É de se pensar. Talvez o maior desafio do ser humano seja único: não se deixar levar. Digo porque, à medida que se deixa, o ser humano perde parte de sua essência (…) e longe dela, coitado, é infeliz. Longe de sua essência, bem distante, um novo mundo surge; nele, sub-obstáculos ainda mais complexos, mas sub. E estes sub-obstáculos só aparecem porque o suposto ser se deixou levar, deixou que um pouco de si fosse embora, ou todo um pedaço, por um ou outro motivo qualquer. Deixou-se. Então, a descaracterização.

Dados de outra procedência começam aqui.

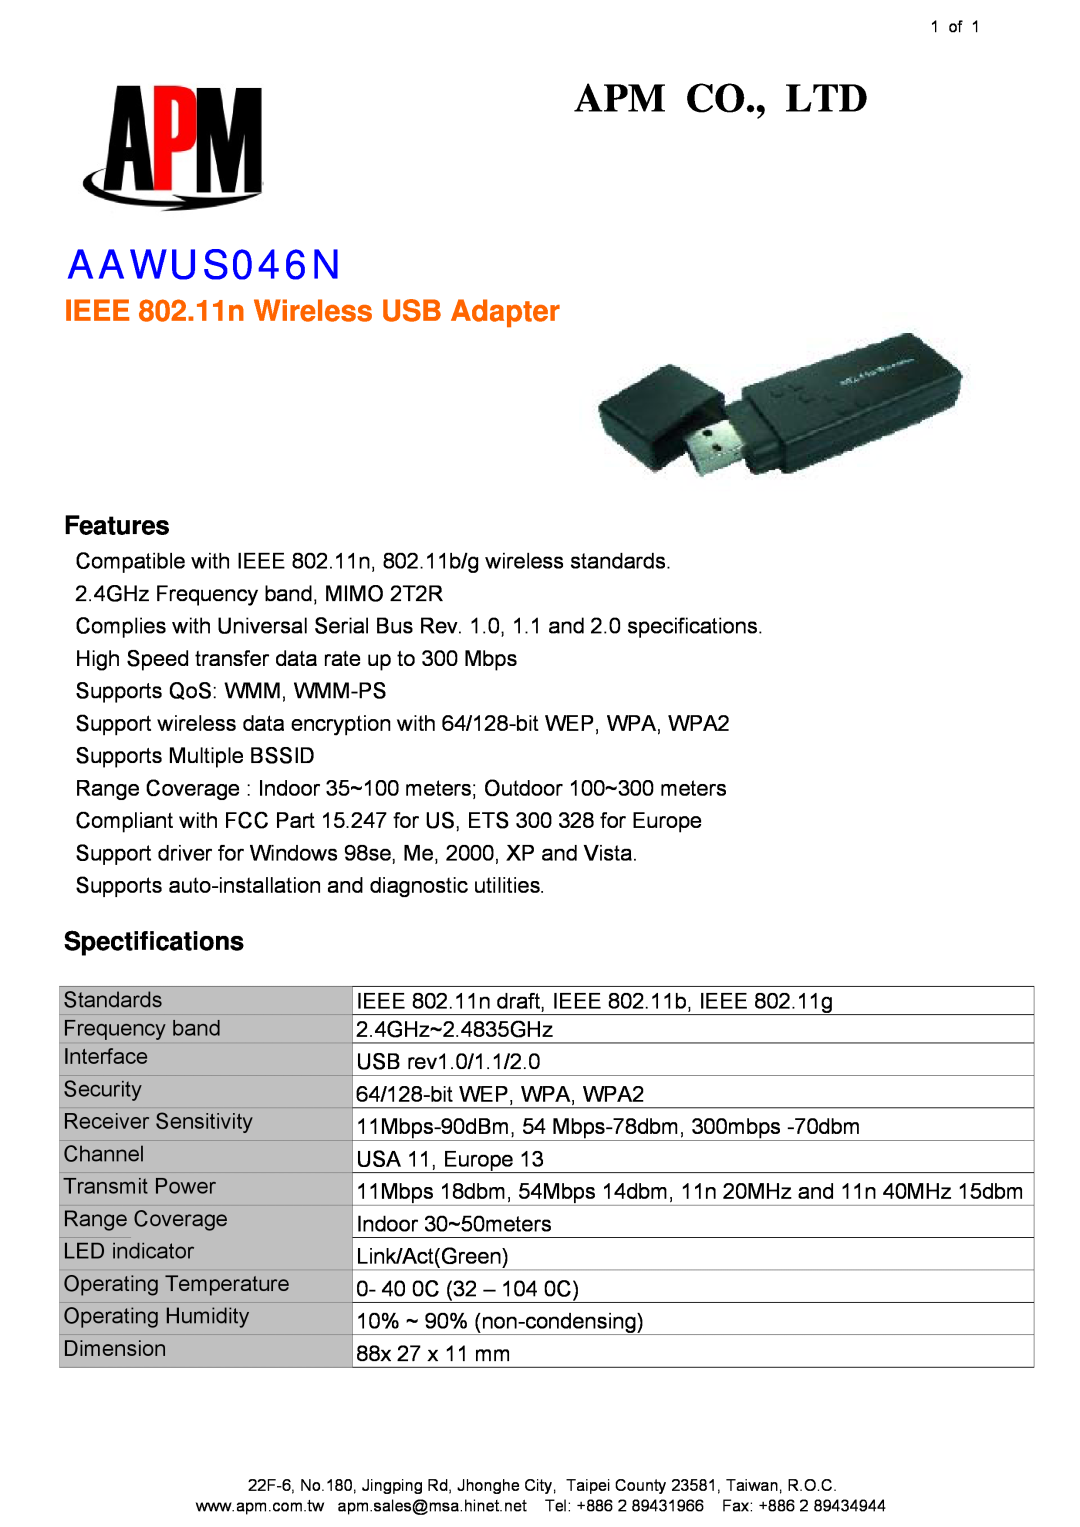 APM AAWUS046N specifications IEEE 802.11n Wireless USB Adapter, Features, Spectifications

Na criança, a essência. Nascemos com uma. Quando vive a infância — belle époque — , o ser humano vive também a sua essência. Na criança, todo sorriso é verdadeiro, os atos não são presos à dinâmica social. Os pequenos usam roupas íntimas — e somente elas — em locais públicos nos dias de calor; tomam banho de chuva porque refresca; lambuzam-se com o chocolate posto num copo de geleia; dizem eu te amo nas situações em que realmente sentem vontade; brincam com bambolês; não se preocupam com o que outros vão dizer enquanto dançam músicas sertanejas ou sucessos do tecnobrega; vão à escola para aprender, porque realmente querem. Enfim, experimentam o todo da verdadeira essência. (…) O adulto, por outro lado, é descaracterizado. Tudo muda. Tudo já mudou. E sua evolução num sistema repleto de aspectos descaracterizantes, fato óbvio, o descaracteriza: a família, a televisão, a escola, os falsos amigos, o dinheiro, as rígidas hierarquias, o mercado de trabalho, o status, as exigências mundanas. Suas verdadeiras características se vão e, então, embora vai também a sua essência. Os marmanjos, reflita, mesmo sedentos por fazê-lo, não se expõem ao ridículo ato de usar roupas íntimas em locais públicos num dia de calor; compram guarda-chuvas enfeitados porque — dane-se que a chuva refresca! — não podem chegar molhados no trabalho ou até mesmo em casa; o chocolate, consumido com cuidado, não mais lambuza os lábios, a toalha de mesa e a face; comumente emputecem o termo eu te amo, dizendo-o em situações de mais pura mentira; não brincam de bambolê porque, além de ser taxada de gay, tal brincadeira se faz, sob seu ponto de vista, inútil demais; deixam, assim, de curtir músicas populares porque tais obras fazem parte do cotidiano de pessoas com as quais muitos não querem se relacionar; vão às aulas em busca de notas, diploma e motivados pela exigência de um acirrado mercado de trabalho do qual precisam — por imposição do próprio sistema — fazer parte. É diferente. E como se estivessem puxando-a dos peitos, com força, arremessam a essência para bem longe. Por fim, descaracterizam-se.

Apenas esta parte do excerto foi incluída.